It should not be surprising that a field like biomedical informatics would be amenable to distance learning. It is a field that many people enter after they are already established in a health care profession, although an increasing number are entering the field directly. Health care itself is fundamentally an information science. Much of clinical practice involves gathering, synthesizing, and acting on information. The field concerned with the management and use of information in health and biomedicine is called biomedical informatics [1].

The Field of Biomedical Informatics

Biomedical informatics is motivated by the growing concern that information is not being used as effectively as it could be in health and biomedicine. On the clinical side, recent reports from the Institute of Medicine (IOM) have reviewed research findings related to information use and expressed concerns about medical errors and patient safety, the quality of medical records, and the protection of patient privacy and confidentiality. A more recent report, "Crossing the Quality Chasm" ties all these problems and potential solutions together in a vision for a health care system that is safe, patient-centered, and evidence-based. A variety of solutions are required to address the information-related problems in health care, with many involving the use of computers and related technologies.

Similar information challenges exist on the research side of biomedicine, with new advances in genomics and biotechnology changing the face of biological research. New biotechnologies such as gene microarrays generate vast amounts of data in experiments. Furthermore, new discoveries require scientists to access and manage much larger quantities of knowledge, which they, and the systems that house the knowledge, are challenged to do.

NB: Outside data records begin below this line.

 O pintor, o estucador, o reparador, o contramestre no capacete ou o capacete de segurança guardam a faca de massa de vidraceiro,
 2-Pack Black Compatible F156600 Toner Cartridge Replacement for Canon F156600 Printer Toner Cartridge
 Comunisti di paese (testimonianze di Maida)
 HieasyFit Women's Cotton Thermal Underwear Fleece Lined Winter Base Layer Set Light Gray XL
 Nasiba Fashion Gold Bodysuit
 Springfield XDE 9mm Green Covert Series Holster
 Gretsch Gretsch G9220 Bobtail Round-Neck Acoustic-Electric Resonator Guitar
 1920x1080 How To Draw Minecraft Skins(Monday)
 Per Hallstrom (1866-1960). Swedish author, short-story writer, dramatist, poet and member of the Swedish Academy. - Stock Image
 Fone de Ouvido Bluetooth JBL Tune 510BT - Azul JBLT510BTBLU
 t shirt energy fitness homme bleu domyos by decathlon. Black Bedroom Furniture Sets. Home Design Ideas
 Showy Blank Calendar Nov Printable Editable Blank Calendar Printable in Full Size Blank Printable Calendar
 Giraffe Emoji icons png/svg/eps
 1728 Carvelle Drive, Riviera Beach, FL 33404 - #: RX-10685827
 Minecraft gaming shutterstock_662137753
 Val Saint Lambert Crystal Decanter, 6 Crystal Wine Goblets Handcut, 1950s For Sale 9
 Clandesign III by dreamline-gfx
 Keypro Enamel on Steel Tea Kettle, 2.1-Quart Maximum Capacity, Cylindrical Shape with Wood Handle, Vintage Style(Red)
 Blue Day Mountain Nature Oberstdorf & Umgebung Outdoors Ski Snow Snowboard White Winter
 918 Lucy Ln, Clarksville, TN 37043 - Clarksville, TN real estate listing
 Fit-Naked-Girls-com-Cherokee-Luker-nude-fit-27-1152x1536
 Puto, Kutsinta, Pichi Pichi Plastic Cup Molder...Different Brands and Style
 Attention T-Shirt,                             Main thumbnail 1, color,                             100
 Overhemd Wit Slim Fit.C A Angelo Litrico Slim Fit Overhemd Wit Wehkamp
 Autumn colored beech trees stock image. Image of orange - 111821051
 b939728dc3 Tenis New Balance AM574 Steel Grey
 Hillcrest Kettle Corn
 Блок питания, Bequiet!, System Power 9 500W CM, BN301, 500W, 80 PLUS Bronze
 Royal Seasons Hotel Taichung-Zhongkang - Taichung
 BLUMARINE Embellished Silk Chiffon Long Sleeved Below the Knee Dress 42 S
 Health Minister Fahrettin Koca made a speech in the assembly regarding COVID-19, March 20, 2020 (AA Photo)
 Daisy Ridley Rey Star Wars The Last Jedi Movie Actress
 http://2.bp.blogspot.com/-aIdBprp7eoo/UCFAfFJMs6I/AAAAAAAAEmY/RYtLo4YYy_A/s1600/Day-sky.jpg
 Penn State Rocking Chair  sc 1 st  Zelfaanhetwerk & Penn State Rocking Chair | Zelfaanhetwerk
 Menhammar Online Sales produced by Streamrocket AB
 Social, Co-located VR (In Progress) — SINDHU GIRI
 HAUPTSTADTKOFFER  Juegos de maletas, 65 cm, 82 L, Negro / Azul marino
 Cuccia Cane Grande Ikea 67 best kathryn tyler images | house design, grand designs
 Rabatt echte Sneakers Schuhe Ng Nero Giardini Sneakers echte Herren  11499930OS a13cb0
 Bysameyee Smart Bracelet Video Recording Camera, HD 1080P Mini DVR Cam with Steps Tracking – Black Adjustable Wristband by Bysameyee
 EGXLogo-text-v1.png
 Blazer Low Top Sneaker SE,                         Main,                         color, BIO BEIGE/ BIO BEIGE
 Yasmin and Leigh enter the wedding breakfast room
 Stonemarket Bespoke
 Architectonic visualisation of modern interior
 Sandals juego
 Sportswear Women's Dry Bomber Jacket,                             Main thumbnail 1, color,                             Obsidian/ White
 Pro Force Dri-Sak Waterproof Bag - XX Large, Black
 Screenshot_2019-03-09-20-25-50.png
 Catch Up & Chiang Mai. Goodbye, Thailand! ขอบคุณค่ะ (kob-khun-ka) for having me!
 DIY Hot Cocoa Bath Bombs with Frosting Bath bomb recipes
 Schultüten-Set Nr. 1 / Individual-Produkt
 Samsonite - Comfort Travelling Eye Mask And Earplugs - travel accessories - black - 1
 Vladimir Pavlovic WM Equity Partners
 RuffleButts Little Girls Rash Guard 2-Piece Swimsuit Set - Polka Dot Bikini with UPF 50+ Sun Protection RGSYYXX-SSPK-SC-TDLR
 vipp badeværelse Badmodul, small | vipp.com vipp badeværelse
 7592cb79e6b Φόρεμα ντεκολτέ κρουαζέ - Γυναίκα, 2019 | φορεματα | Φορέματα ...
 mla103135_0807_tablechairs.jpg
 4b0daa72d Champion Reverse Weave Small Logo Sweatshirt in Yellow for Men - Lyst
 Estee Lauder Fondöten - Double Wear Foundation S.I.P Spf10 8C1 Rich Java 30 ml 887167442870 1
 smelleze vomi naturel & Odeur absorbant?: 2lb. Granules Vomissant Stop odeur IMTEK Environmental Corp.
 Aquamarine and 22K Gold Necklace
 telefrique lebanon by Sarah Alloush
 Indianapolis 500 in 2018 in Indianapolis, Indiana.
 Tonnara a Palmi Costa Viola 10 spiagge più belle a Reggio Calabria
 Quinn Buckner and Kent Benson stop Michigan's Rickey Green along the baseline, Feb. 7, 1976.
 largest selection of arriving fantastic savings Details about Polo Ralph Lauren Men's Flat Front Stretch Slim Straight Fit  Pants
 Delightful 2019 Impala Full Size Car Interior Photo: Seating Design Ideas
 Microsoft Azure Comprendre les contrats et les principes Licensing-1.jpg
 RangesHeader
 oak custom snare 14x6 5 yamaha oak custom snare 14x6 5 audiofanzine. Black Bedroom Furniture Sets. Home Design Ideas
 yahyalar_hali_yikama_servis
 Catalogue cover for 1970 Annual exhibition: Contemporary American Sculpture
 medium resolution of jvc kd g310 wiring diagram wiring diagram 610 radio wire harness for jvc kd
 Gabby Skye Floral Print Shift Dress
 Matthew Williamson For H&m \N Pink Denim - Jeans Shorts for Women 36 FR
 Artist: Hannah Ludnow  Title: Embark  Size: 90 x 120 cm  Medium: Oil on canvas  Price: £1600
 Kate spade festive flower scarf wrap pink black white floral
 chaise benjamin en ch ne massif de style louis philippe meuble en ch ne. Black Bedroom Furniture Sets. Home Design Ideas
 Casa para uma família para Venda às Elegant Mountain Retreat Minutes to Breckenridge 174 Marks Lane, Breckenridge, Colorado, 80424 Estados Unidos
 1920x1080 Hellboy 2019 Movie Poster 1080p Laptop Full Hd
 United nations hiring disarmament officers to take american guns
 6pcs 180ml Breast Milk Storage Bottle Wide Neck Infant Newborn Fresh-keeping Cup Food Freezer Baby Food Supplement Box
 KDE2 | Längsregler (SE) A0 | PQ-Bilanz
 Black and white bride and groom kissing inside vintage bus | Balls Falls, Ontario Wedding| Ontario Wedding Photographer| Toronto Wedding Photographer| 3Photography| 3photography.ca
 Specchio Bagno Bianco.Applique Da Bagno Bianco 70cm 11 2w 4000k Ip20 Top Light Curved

One major challenge for the field is the adjective in front of the word "informatics." Some have argued that the adjective "medical" in front of informatics is inappropriate because it implies the work of medical doctors and not the rest of health care and biomedical science. There is a growing tendency to use the phrases "biomedical informatics" or "health and biomedical informatics." The subareas of the field can then be broken down and defined according to the classification of Shortliffe [2], who described four levels from the focus on the cell to the population:

  • Bioinformatics: molecular and cellular processes, such as gene sequences and maps
  • Imaging informatics: tissues and organs, such as radiology imaging systems
  • Clinical informatics: clinicians and patients, including applications of nursing, dentistry, and other clinical specialties
  • Public health informatics: populations, such as disease surveillance systems

Biomedical informatics is a heterogeneous field, comprised of individuals with diverse backgrounds and levels of training. In addition, because the field is so new, there are few jobs that absolutely require a degree or other formal training in the field, although this is likely to change in the near future. Most individuals enter biomedical informatics at the graduate or postgraduate level after a background in other areas, such as medicine, nursing, computer science, biology, or librarianship. As such, those entering the field are adult learners who do not want to give up their regular jobs to study informatics. For them, the flexibility of distance learning is very appealing.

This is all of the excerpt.